After reading Charlie Cochet‘s Hell & High Water, I bought a copy of the sequel, Blood & Thunder.
Description from Goodreads:
When a series of bombs go off in a Therian youth center, injuring members of THIRDS Team Destructive Delta, and causing a rift between agents Dexter J. Daley and Sloane Brodie, peace seems unattainable. Especially when a new and frightening group, the Order of Adrasteia, appears to always be a step ahead. With panic and intolerance spreading and streets becoming littered with the Order’s propaganda, hostility between Humans and Therians grows daily. Dex and Sloane, along with the rest of the team, are determined to take down the Order and restore peace, not to mention settle a personal score. But the deeper the team investigates the bombings, the more they believe there’s a more sinister motive than a desire to shed blood and spread chaos.
Discovering the frightful truth behind the Order’s intent forces Sloane to confront secrets from a past he thought he’d left behind for good, a past that could not only destroy him and his career, but also the reputation of the organization that made him all he is today. Now more than ever, Dex and Sloane need each other, and, along with trust, the strength of their bond will mean the difference between justice and all-out war.
Review:
I liked this better than book one, probably because I was more prepared and knew what I was in for. It better fit my expectations, but it’s still not topping my favourites list.
It’s fairly well written. I kind of thoughts names were occasionally used a little too often to be natural, but didn’t think this was a pervasive issue. It just cropped up now and again. So, I basically have no real complaints about the writing. I don’t remember any big copy edit problems. So, I don’t really have any issue with that either.

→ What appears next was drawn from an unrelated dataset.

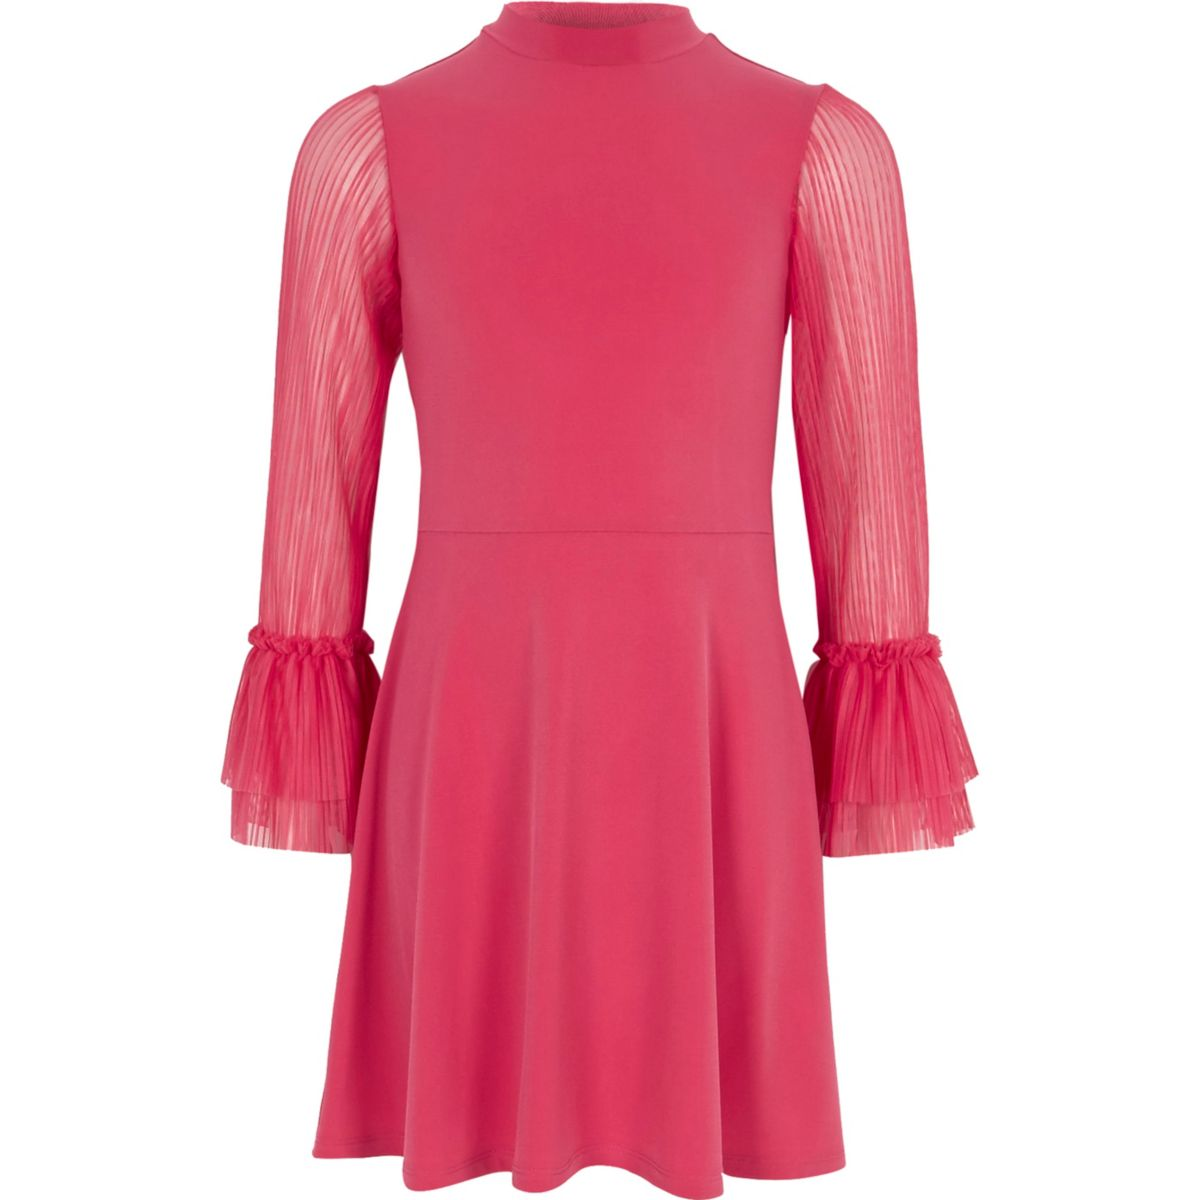 Girls pink pleated mesh sleeve skater dress

It’s just that the whole thing brings out the ‘meh’ in me. Nothing strikes me as deplorable, but nothing makes me fall in love either. The closest the book comes to really piquing my ongoing interest is Ash and Cael’s possible relationship. Dex & Slone: I’m kinda done.
I feel as if the whole thing is like a high school class clown, who’s funny, but obviously trying so hard to be funny that you kinda laugh at him as much as with him and it’s just a little sad. Dex’s antics are over the top, everyone loves him (and really, who’s loved by everyone), he’s too good at his job, too loyal, too funny, too clever, etc. He’s too much.
Sloane, sexy as he is, grated on my nerves. He’s so in his head and so overly dramatic that I basically stopped caring about him. Plus, I thought poor Ash got ignored. I mean, going back to the facility was as bad for him as Sloane, but he gets no screen time for it.
Then there is the percentage of gays in the THIRDS. Now, don’t get me wrong, I read mm romance because I love them and I’m thrilled to know Calvin & Hobbs are working their thing out, Ash & Cael might finally get together, Letty is happy with her long-term girlfriend (or is it Rosa, those women are so secondary, cliché and interchangeable I can’t be sure at this point), Hudson is still pining over Hobb’s brother (and Vice versa), Taylor would love a go at Dex, etc. There appears to be one straight woman in the whole book…well and Maddox. And while individually each is hot in its own way, unless there is some reason for it, it starts to get redundant after a while.
<Don’t read this paragraph if you’re squeamish about sex talk.>If I am really honest, I also happened to think the sex in this one is redundant too. It is just all same-same. I know it seems to be a popular trend these days to cum in the mouth (at least in books, I don’t know about RL), I’m not really bothered by the act itself, but over and over to the exclusion of almost everything else? No thank you, especially when the tone trying to be set is making love as opposed to just fucking. More meh.
I also thought that the ending was anticlimactic. There was all this build-up and then just wham, we’re done. Yes, I get that this was supposed to be indicative of how much of a surprise it was to the leader of the Organisation too, but I felt cheated. Speaking of cheated, am I the only one who would have liked a little shifting in their shifter book? I wanted to see some big cat badass action, but it was not to be.